You might think that the fictional Cohen, a man worth millions who is married to a beautiful, exotic and intelligent wife, has, if not it all, at least a lot more than most of us. But beneath the surface, it’s all breaking into pieces for Cohen, a self-made man who overcame the intense insecurities he had as a boy. His only child is severely autistic, his wife is drifting away, having fallen in love with a married neighbor, and the Feds are opening an investigation into how his hedge fund lost a billion dollars or so.

Chucking it all including his Black Amex card, cell phone and access to his millions, Cohen has only a couple hundred dollars and his expensive watch collection, which emotionally means more to him at the time he starts his journey than anything else in his life.

Shteyngart was able to nail down the personalities of his characters by immersing himself in their world.

“I spent three years hanging out with hedge fund people and their spouses and sometimes children,” he said.

“A strange alternate reality began to take shape in my mind. I started jotting down the little tics and conversations, but mostly the fact that the real world of the 99.9 percent was no longer available to them. They had moated themselves into an almost feudal level. In fact, large parts of Manhattan started to seem like a series of gated communities.”

There’s a parallel to Shteyngart and Barry’s upbringing. Both grew up poor and saw Wall Street as a way to make up for the huge amounts of insecurity they felt.

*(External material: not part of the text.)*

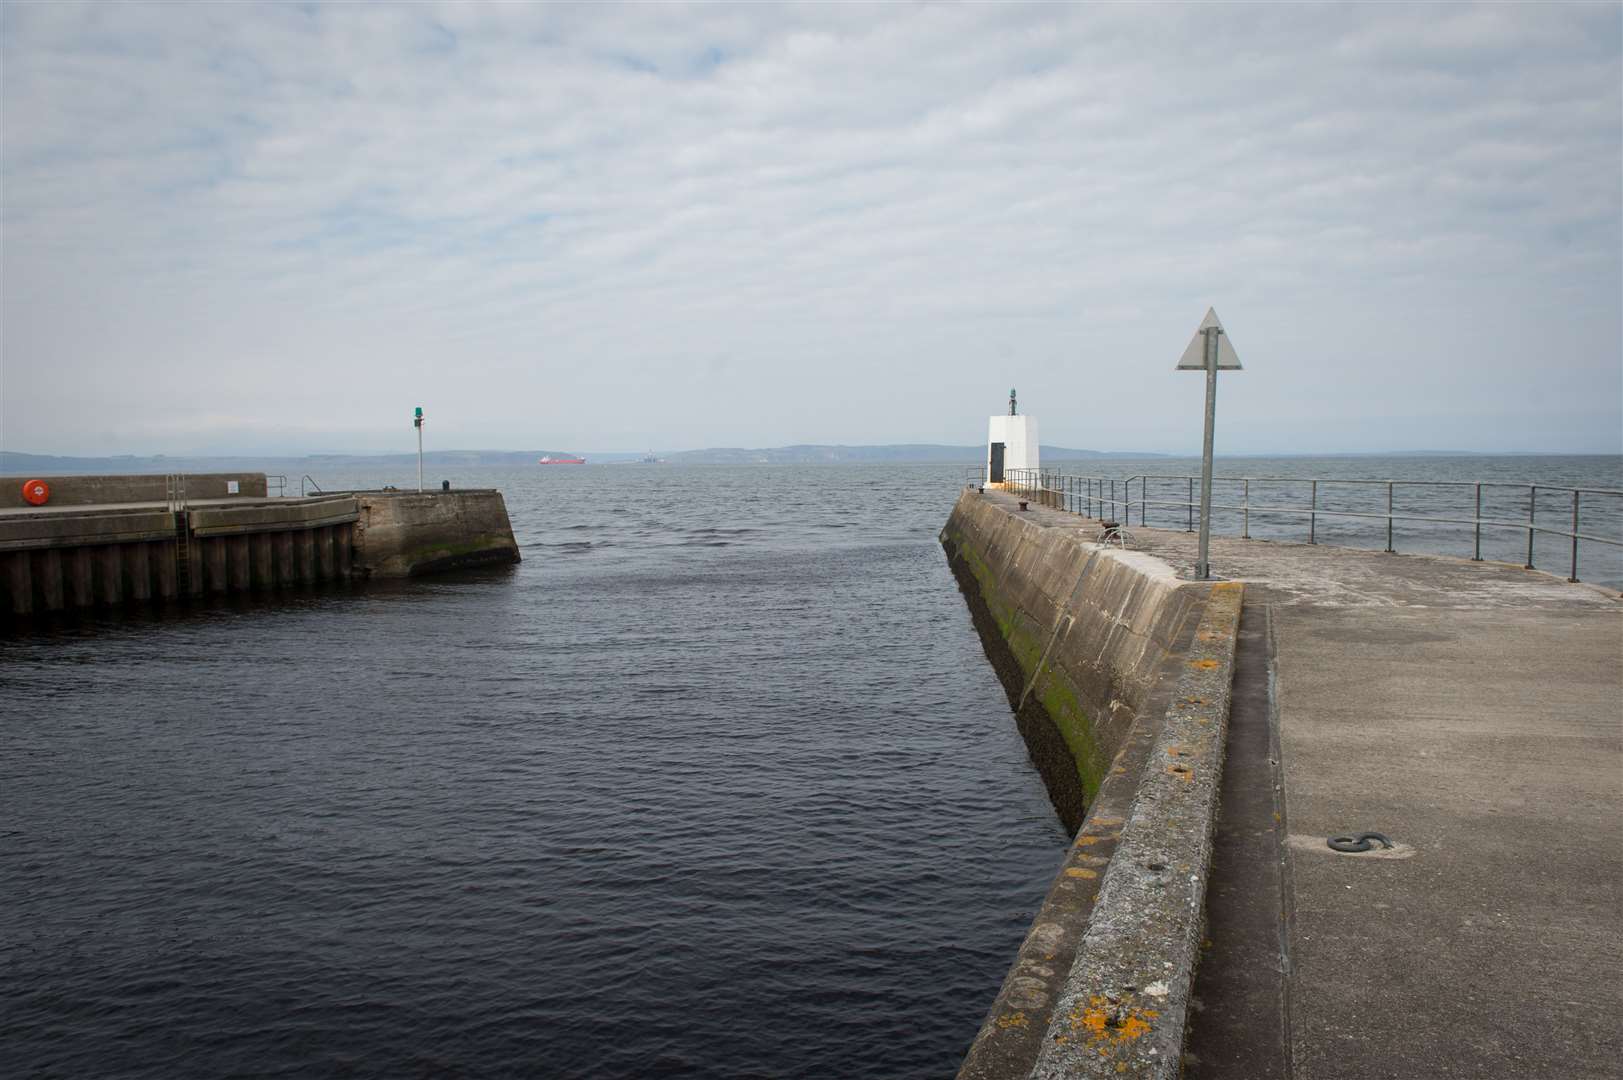 Two paddleboarders were taken to Nairn harbour after getting into difficulty at sea.
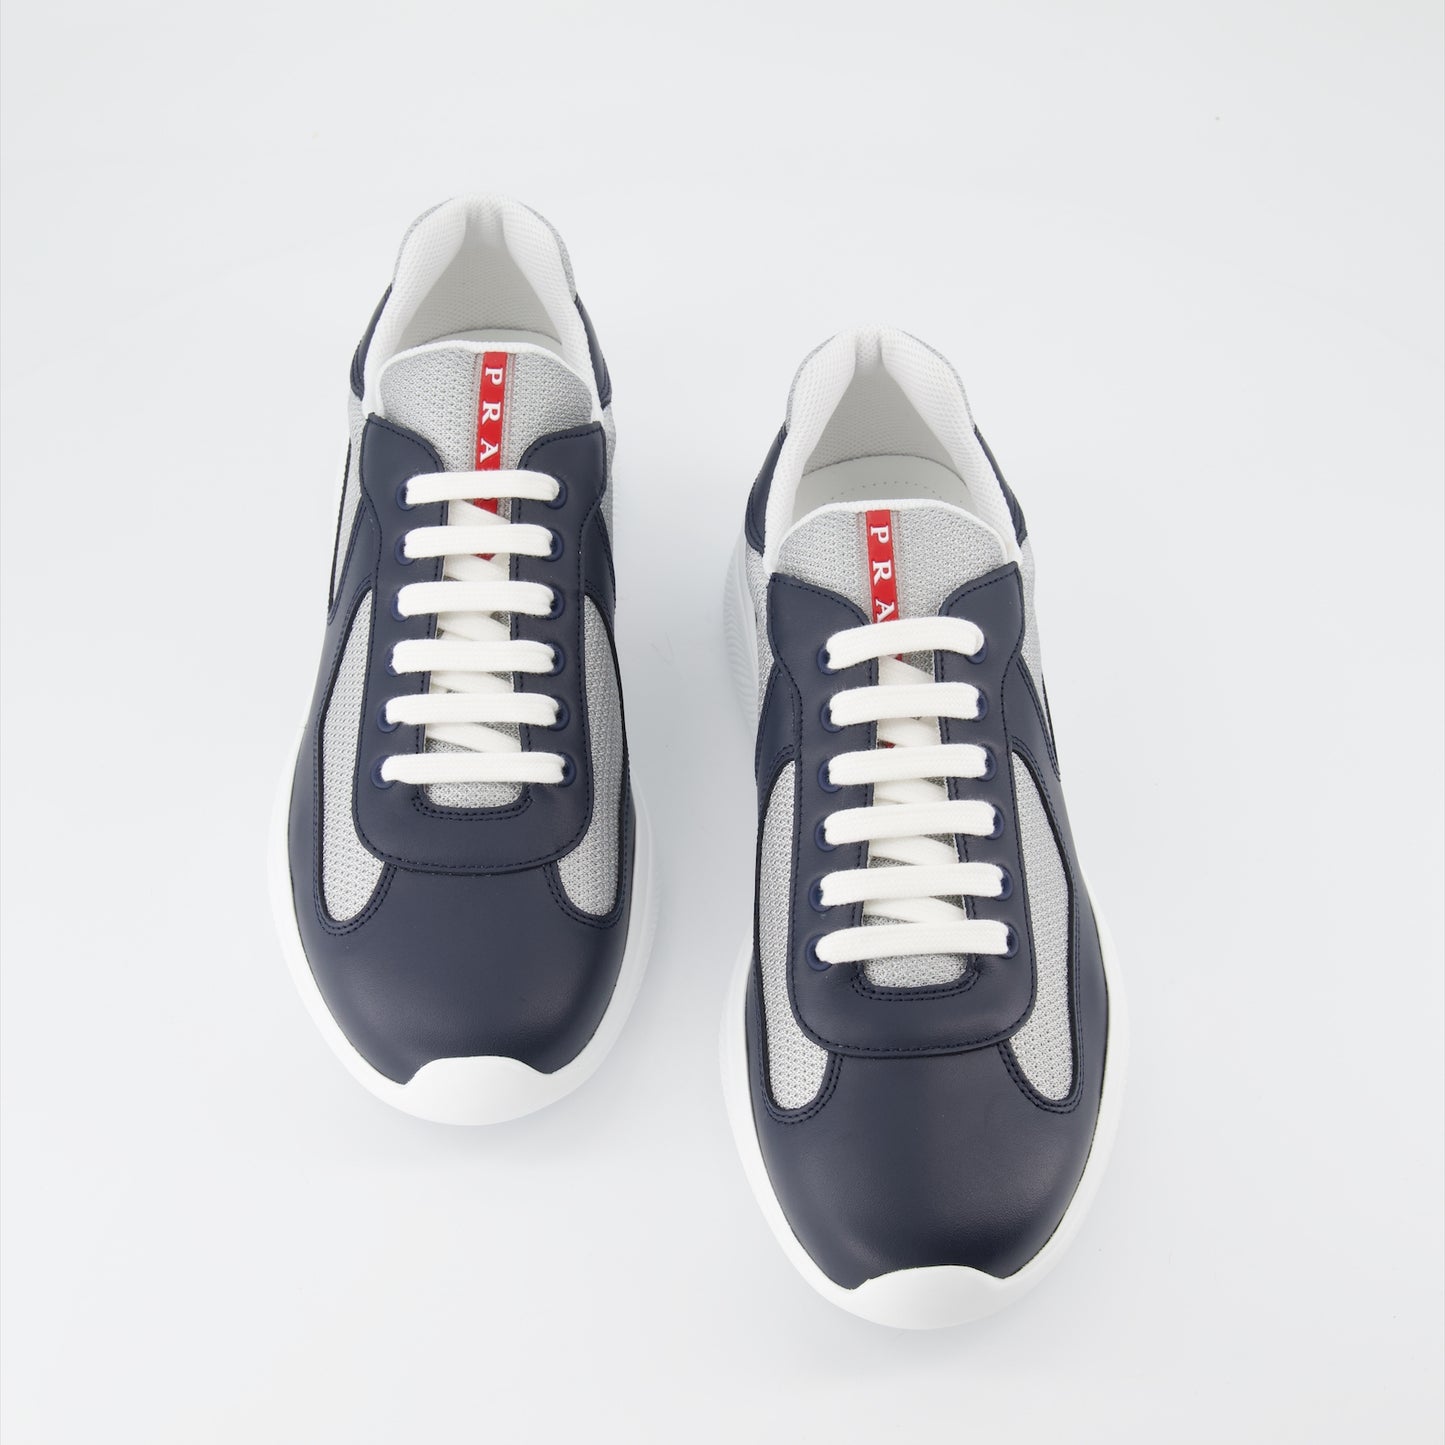 America's Cup sneakers

“In our country, being poor is almost considered a moral failing, though often to get rich requires a true moral failing,” he said.

Unlike Barry, Shtenyngart, who immigrated with his parents from Leningrad at age 7, turned to writing dark comedic novels such as "Super Sad True Love Story" (winner of the Bollinger Everyman Wodehouse Prize) and "The Russian Debutante’s Handbook" (winner of the Stephen Crane Award for First Fiction and the National Jewish Book Award for Fiction).

It’s humor, based in part on his parents, who he says have a satirical approach to reality honed in the Soviet Union, where laughter was the only defense against a stupid system.

“Being an immigrant is also a nice way to observe a society, because you have to learn it from scratch,” he said.